I was feeling suicidal all last week. For me, suicidal ideations usually occur when there is a worsening of the biological depressive state itself. However, there always seems to be some pretty rational arguments for leaving such a painful existence. I can only tell you that this emotional state can disappear as quickly as it appears. It can also reappear quickly, which makes it even harder for me to gather strength to fight it again. I try to hold on to the idea that it will pass. However, while I am in the middle of it, I don't see how things can ever be better. One of my doctors described to me his impression of how one experiences severe depression. He said that there is a "timelessness" about it. It seems to have no beginning and no end.

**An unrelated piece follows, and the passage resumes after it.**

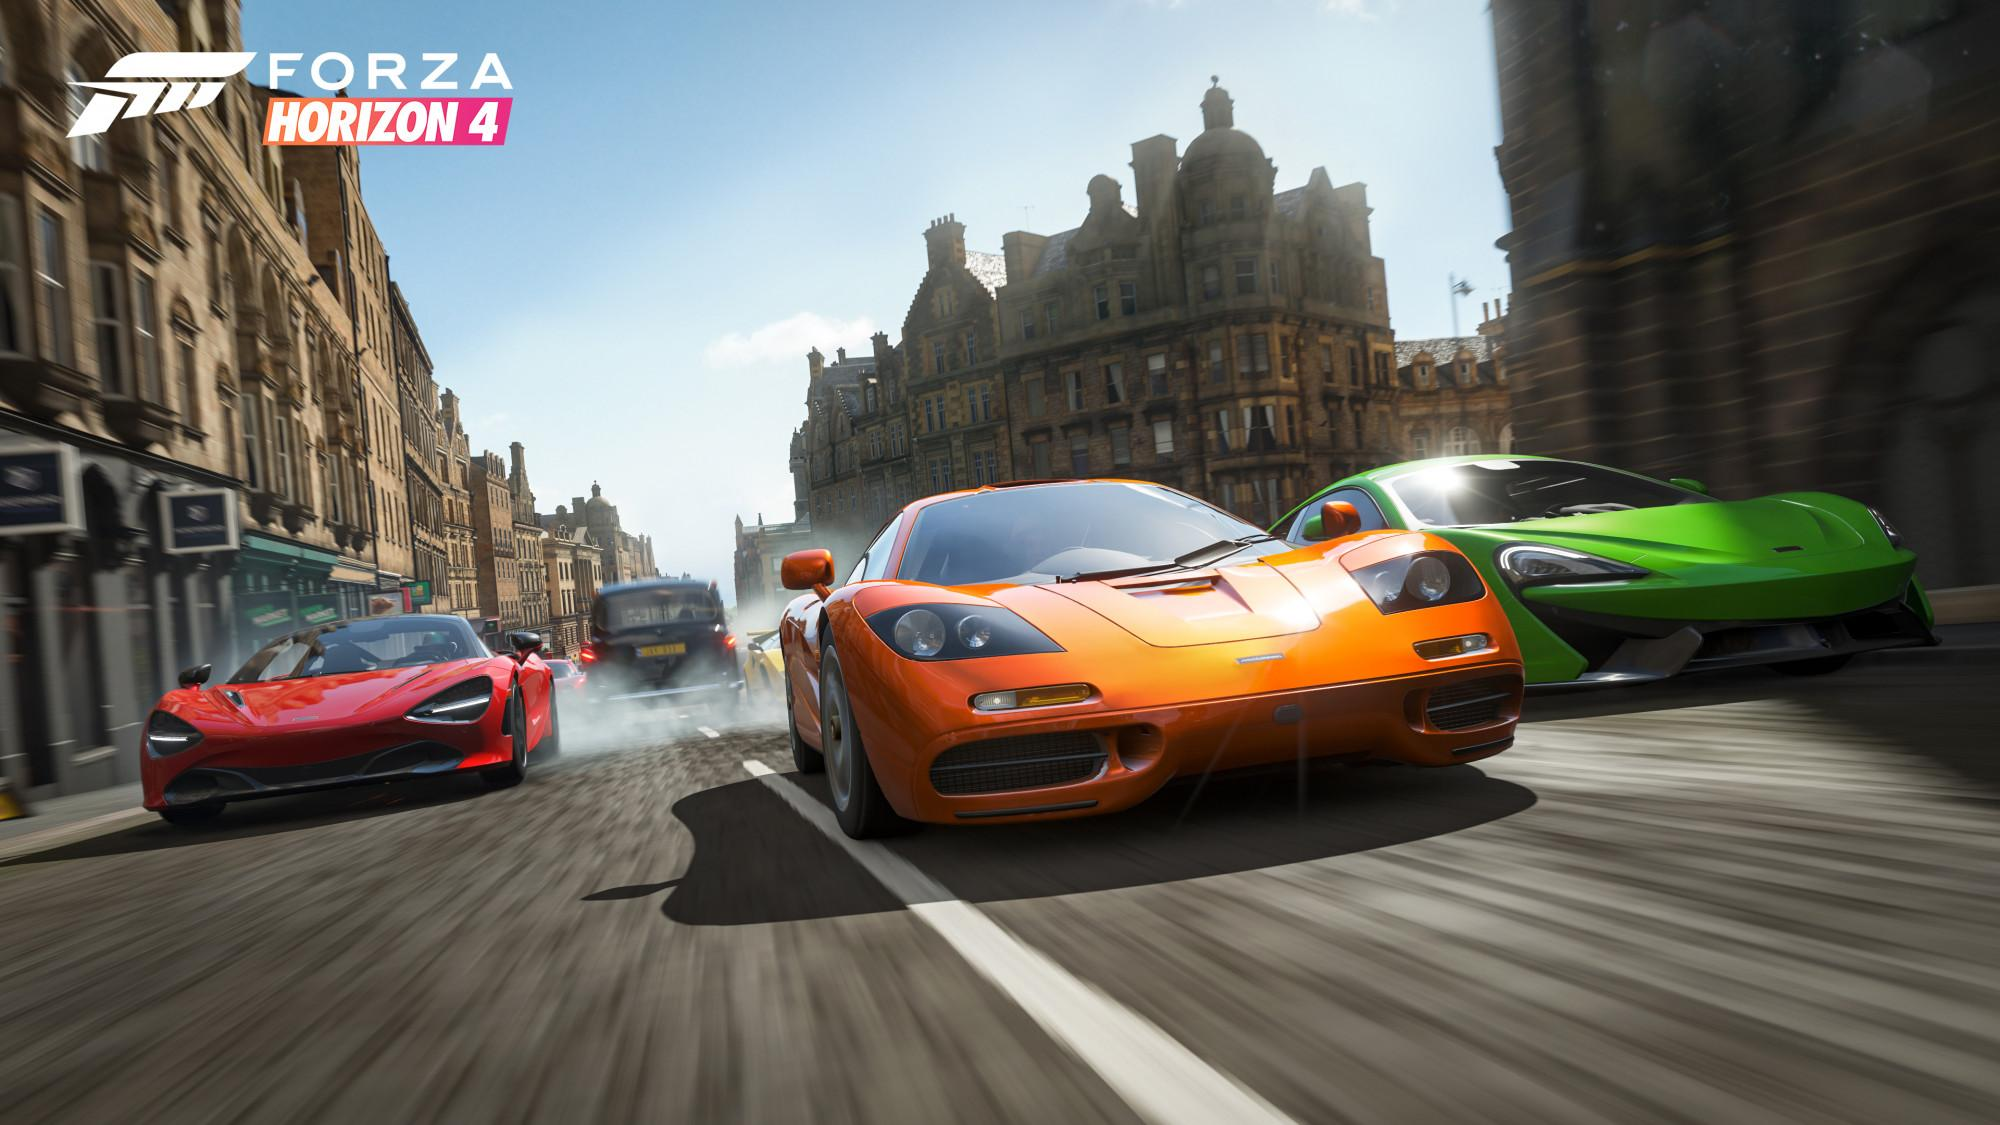 Forza Horizon 4 - PC

Who can argue with you about how rational it is for *you* to commit suicide? To simply say that it makes no sense makes no sense. I would only encourage you to continue to search for your own reasons to stay alive. It appears that you have already found some good ones. I wish that I could guarantee to myself that I will always be strong enough and find my own reasons during my worst times. I am afraid to make such a commitment, for doing so may represent a commitment to endure more pain.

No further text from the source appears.